The Return of Problem of the Week

The start of the spring semester brings with it a new round of Problem of the Week! This term’s theme is “Knights, Knaves, Normals, Werewolves and Other Fanciful Creatures.” That’s right! A whole term dedicated to the most endearing characters ever to populate fictional islands in logical brainteasers. The problems will get harder as we go along, but I always like to start with a few easy ones. So have a go at it, if you like.


  1. #1 eric
    January 20, 2014

    Easy peasy (I think)!

    So I don’t ruin it for people doing the problem, my answer is hidden in the Samuel L. Ipsum, below.

    The path of the righteous man is beset on all sides by the iniquities of the selfish and the tyranny of evil men. Blessed is he who, in the name of charity and good will, shepherds the weak through the valley of darkness, for he is truly his brother’s keeper and the finder of lost children. A- kv, B-kn, C-kv. And I will strike down upon thee with great vengeance and furious anger those who would attempt to poison and destroy My brothers. And you will know My name is the Lord when I lay My vengeance upon thee.

    lorem ipsum

  2. #2 Lenoxus
    January 20, 2014

    eric: I like that way of hiding answers!

    Jason wrote:

    A whole semester dedicated to the most endearing characters ever to populate fictional islands in logical brainteasers.

    Aha! You have have thought that overly narrow superlative would have to be true by definition, but what about the islanders who don’t know their eyes are blue?

    If I were asked which was more endearing, I’d call it a toss-up. I love knights-and-knaves puzzles, but the blue-eyes one can get very deep, and is fun to work out the confusions people tend to have. I even wrote a long exploration of some of the common counter-arguments to its solution.

    As for knights and knaves, here’s a puzzle I developed myself, in an effort to get a better sense of the structure of solutions…

    In a group of five people are exactly three knights and two normals.
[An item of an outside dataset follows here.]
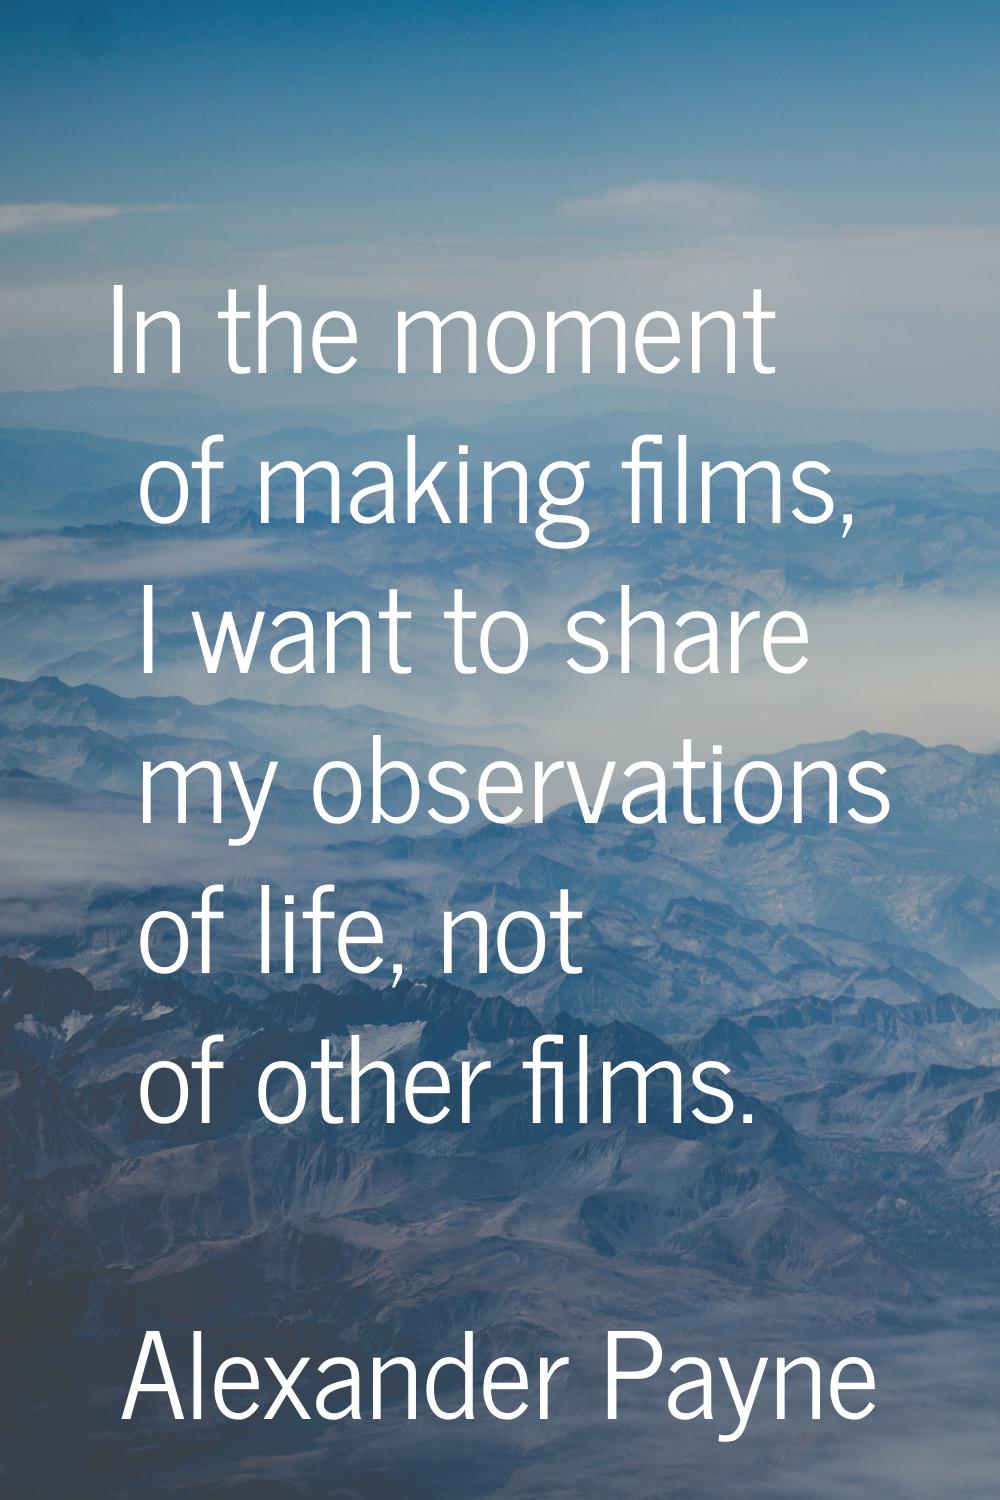 In the moment of making films, I want to share my observations of life, not of other films.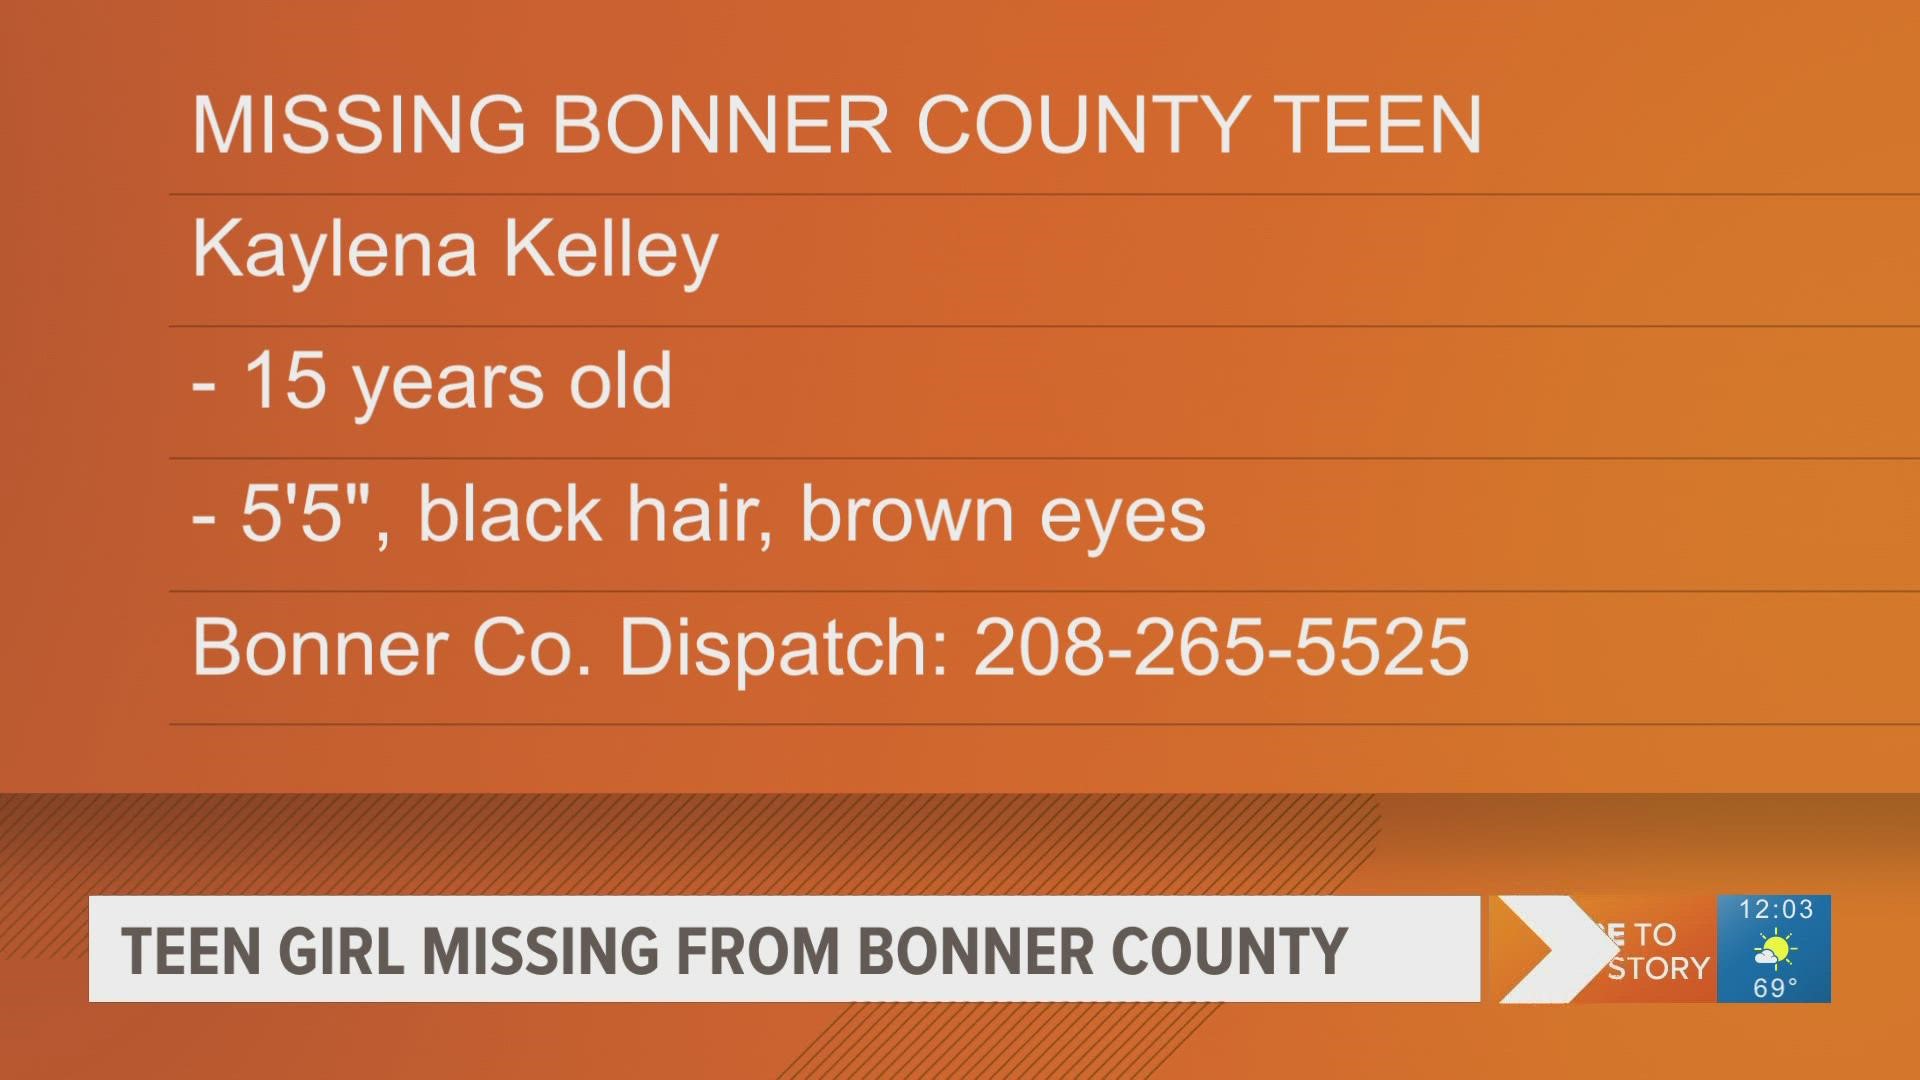 Kaylena Kelley is 15 years old. She is 5’5”, weighs 150 pounds, with black hair and brown eyes.

What is the fewest number of questions needed to identify the normals in the group, and what would the questions be?

    For purposes of my puzzle, normals are just like ordinary humans, capable of answering yes or no to any question regardless of truth, falsehood, or logical consistency. They can also choose to be silent, which is something a knight may be forced to do if the question would be paradoxical to answer (Like “Is your answer ‘no’ to this question?”)

  3. #3 Gary Sturgess
    January 21, 2014

    Nice and easy for the starter. Later in the semester, are the fictional creatures similar to those from Raymond Smullyan’s insane vampires and so on?

    As for the solution, I have often thought that the Slayer would be considered a paladin in D&D terms, while Foundation’s author and the great detective are truly both named Jack. (Hopefully that is sufficiently obscure that it doesn’t spoil?)

  4. #4 Verbose Stoic
    January 21, 2014

    I come to the same conclusion as Gary and eric. Yep, it’s an easy one, but a good one to start with if you’re just being introduced to the topic, because it really gets you thinking about what it really means to be a knight or a knave. Once you have that, the answer follows.

  5. #5 Karl Lembke
    Tujunga, CA
    January 21, 2014

    Very easy problem, as long as you assume it’s being narrated by a knight. 🙂

  6. #6 Lenoxus
    January 21, 2014

    Karl Lembke: Lol. Technically that’s true of all puzzles (well, except for the “very easy” part), but these ones certainly bring the narrator’s trustworthiness to the forefront of our thoughts…

  7. #7 Jason Rosenhouse
    January 22, 2014

    I remember in one of John Dickson Carr’s locked room mysteries, The Three Coffins, he stipulates right at the start certain characters are telling the absolute truth about what they witnessed. He remarks that to have any kind of proper story at all, someone has to be telling the truth. I think you can treat these puzzles with the same spirit!

    Incidentally, I generally try to keep the problems at a level of difficulty where even students in the lower level classes can participate if they choose to. I don’t want a situation where only the top math majors can reasonably attempt the problems. So, the problems will get more challenging, but especially the first five will be fairly straightforward. (I do ten problems in any one term.)

  8. #8 Charles Sullivan
    January 22, 2014

    Figured it out in my head in about 5 minutes, Could have been faster, but I had to double check and triple check just to make sure I didn’t commit a mistake in reasoning.

  9. #9 Gary Sturgess
    January 23, 2014

    I am very keen to solve all of these, but if I’m understanding correctly these are homework problems for your students. Accordingly, are they any guidelines you’d like us to follow about posting solutions in the comments? Say, no posting solutions until the next problem is up, or something?